Understanding claims and claiming

What you can expect from us throughout the claim process

Here we explain in detail what to expect throughout the insurance claims process.  We provide you with the information required for each type of claim, claim timeframes and what to do if your claim is declined or should you wish to provide feedback on your claim experience.

If you need to make a claim, the first thing to do is call us on 1300 553 764 Monday to Friday 8.00am to 6.30pm (Sydney time).

Information required when submitting a claim

Below is a general guide of information that we may need to assess your claim and why this information is needed. Requirements may vary depending on the individual circumstances of your claim. Where possible, we will tailor the initial requirements to your circumstances when you call us.

The type of information that we will require from you will depend on the type of cover held on your policy(s).

Loss of income (Income Protection & Business Overheads)

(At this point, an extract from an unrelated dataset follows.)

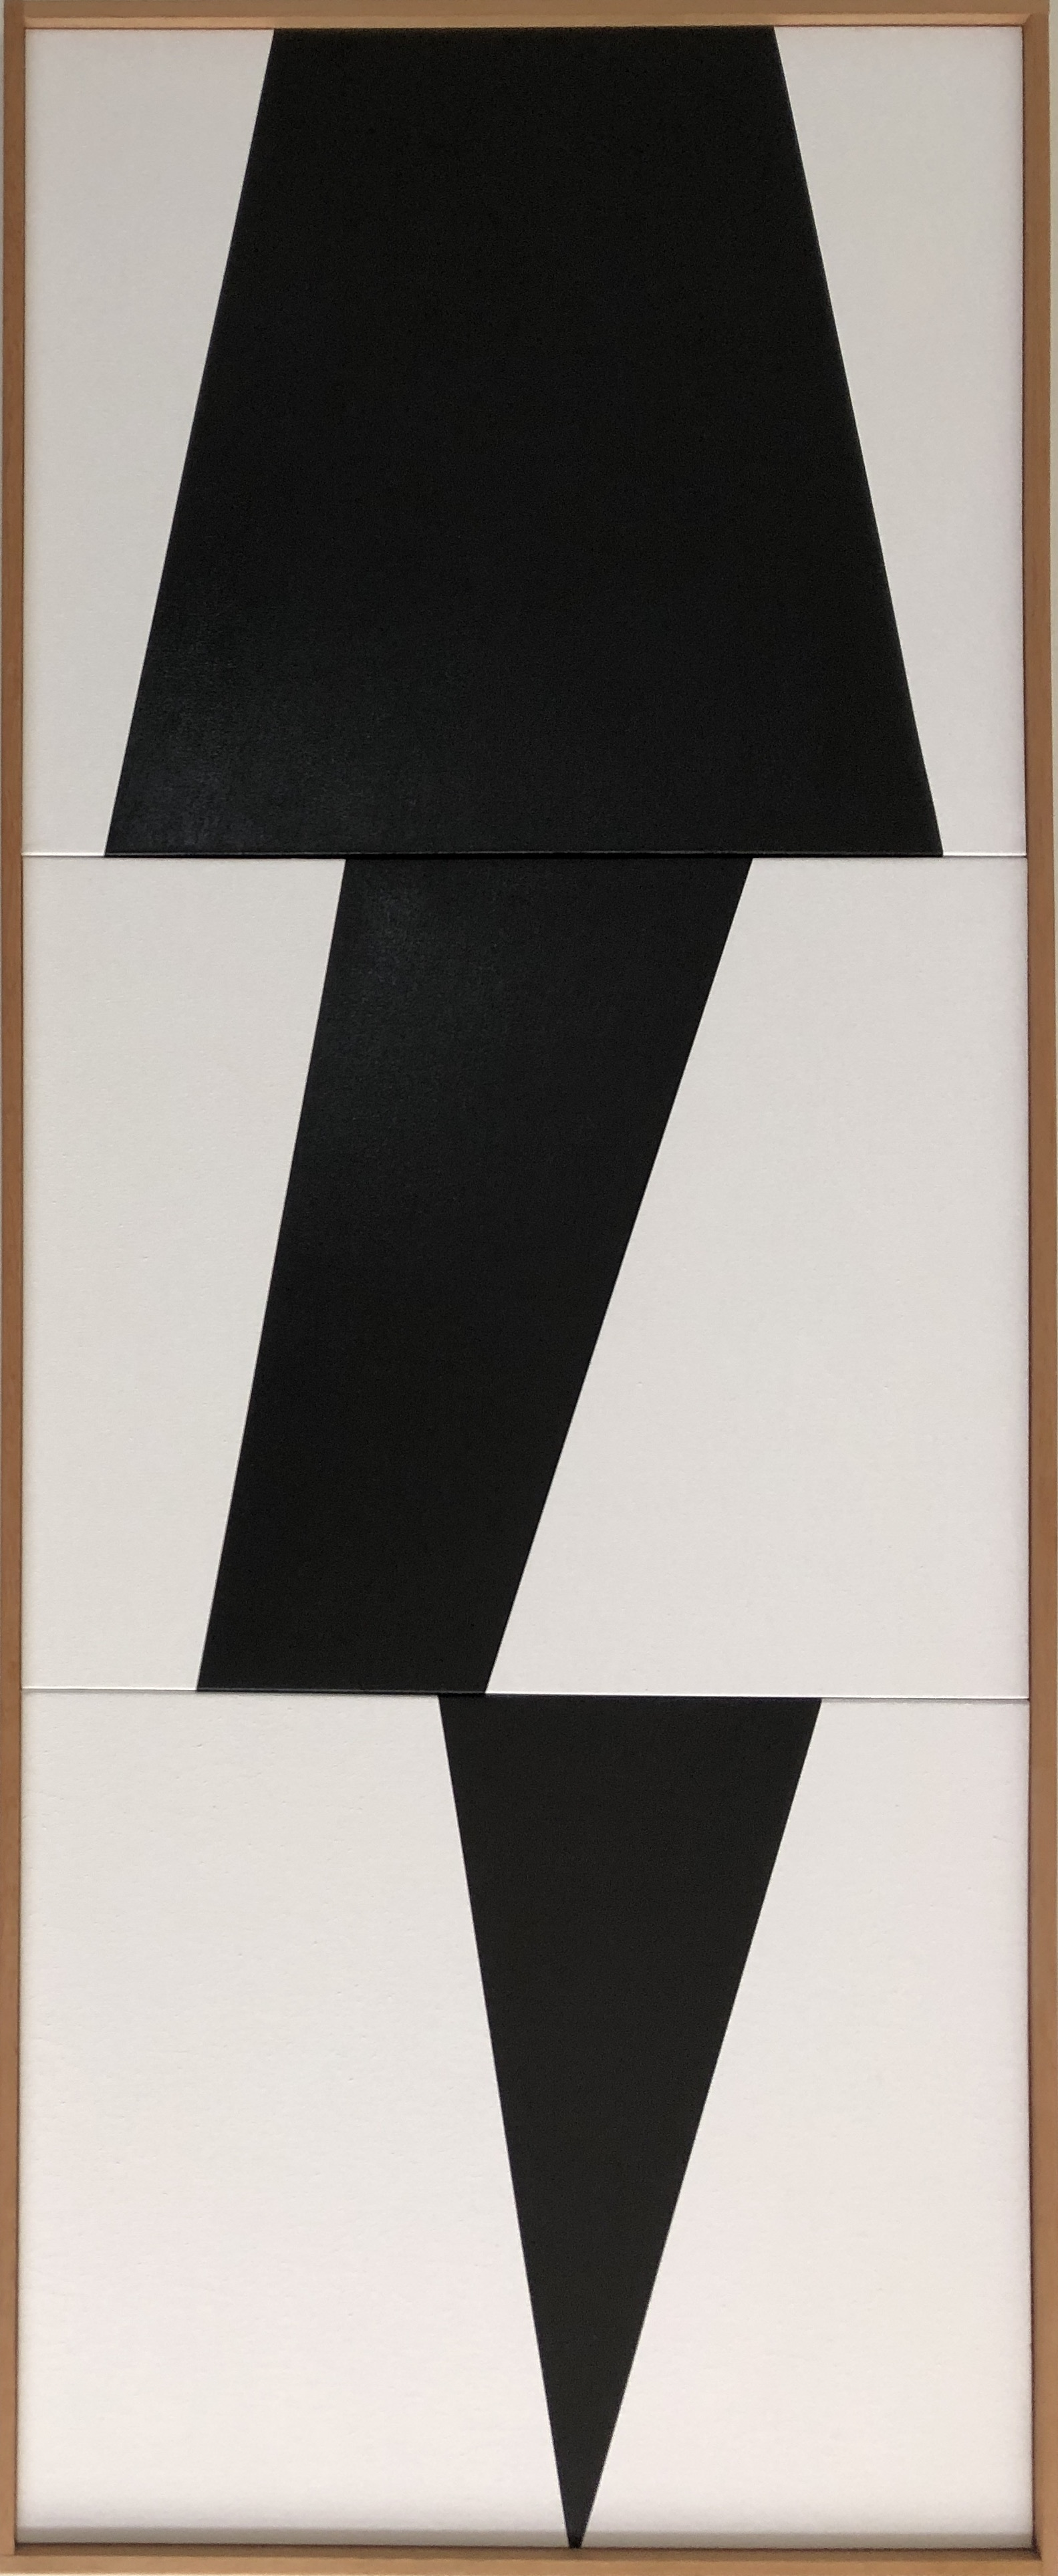 Black Jagged Triptych JET0642 - Image 1.JPG

If we are unable to make a decision over the phone, you may need to provide:

  • Initial claim forms (which we will send to you) that include sections for you and your treating doctor/specialist, to help us understand your circumstances and medical condition/s.
  • Any relevant medical information you may hold, such as copies of medical reports, test results and/or specialist letters, to help us understand the nature of your medical condition/s. This can save time should we require this from your treating health provider.
  • Documents that help to confirm your income prior to your disablement, this will vary depending on whether you are self-employed or an employee. This may include payslips, tax returns, Notice of Assessment’s, or relevant business statements.
  • Certified copy of your driver’s licence, birth certificate or passport, to confirm your identification and age.

Permanent disability (Total and Permanent Disability)

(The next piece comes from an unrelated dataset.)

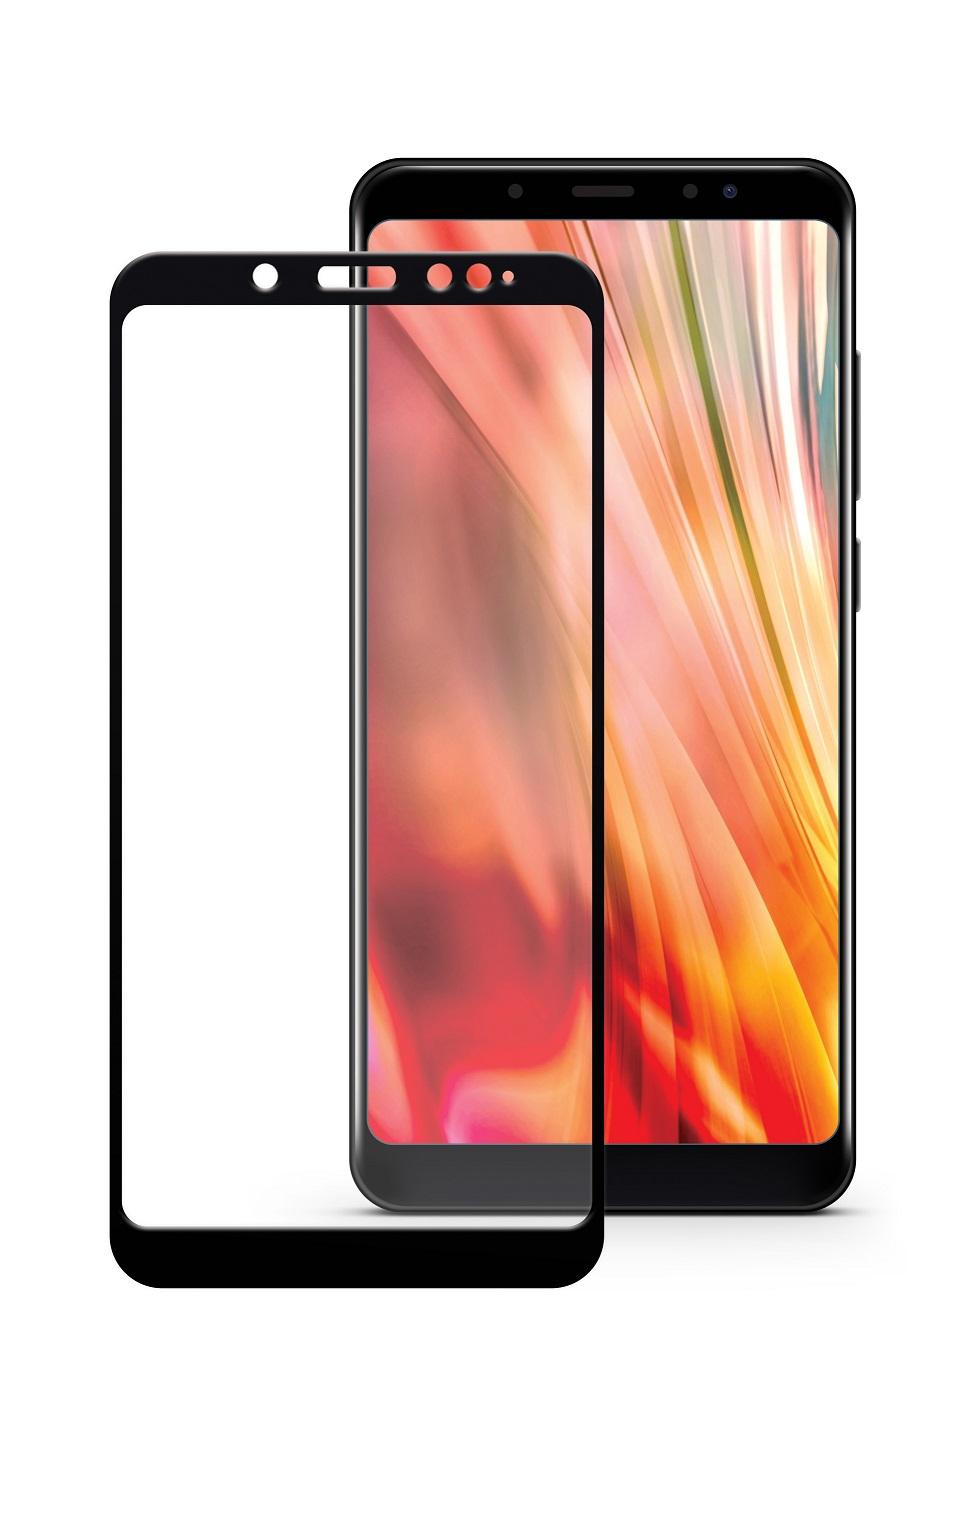 Защитное стекло Mobius для Xiaomi Redmi S2 3D Full cover (Black) аксессуар защитное стекло mobius для honor 7c pro 3d full cover black 4232 208

To make a disability claim you may need to provide:

  • Initial claim forms (which we will send to you) that include sections for you and your treating doctor/specialist, to help us understand your circumstances and medical condition.
  • Any relevant medical information you may hold, such as copies of medical reports, test results and/or specialist letters, to help us understand the nature of your medical condition/s. This can save time should we require this from your treating health provider.
  • Occupational information to understand your work history, including education, training, and experience.
  • Depending on the relevant policy terms applicable to your circumstances, documents that help to confirm your income prior to your disablement as well as post disablement. This may include payslips, tax returns, Notice of Assessment’s, or relevant business statements.
  • Certified copy of your driver’s licence, birth certificate or passport, to confirm your identification and age.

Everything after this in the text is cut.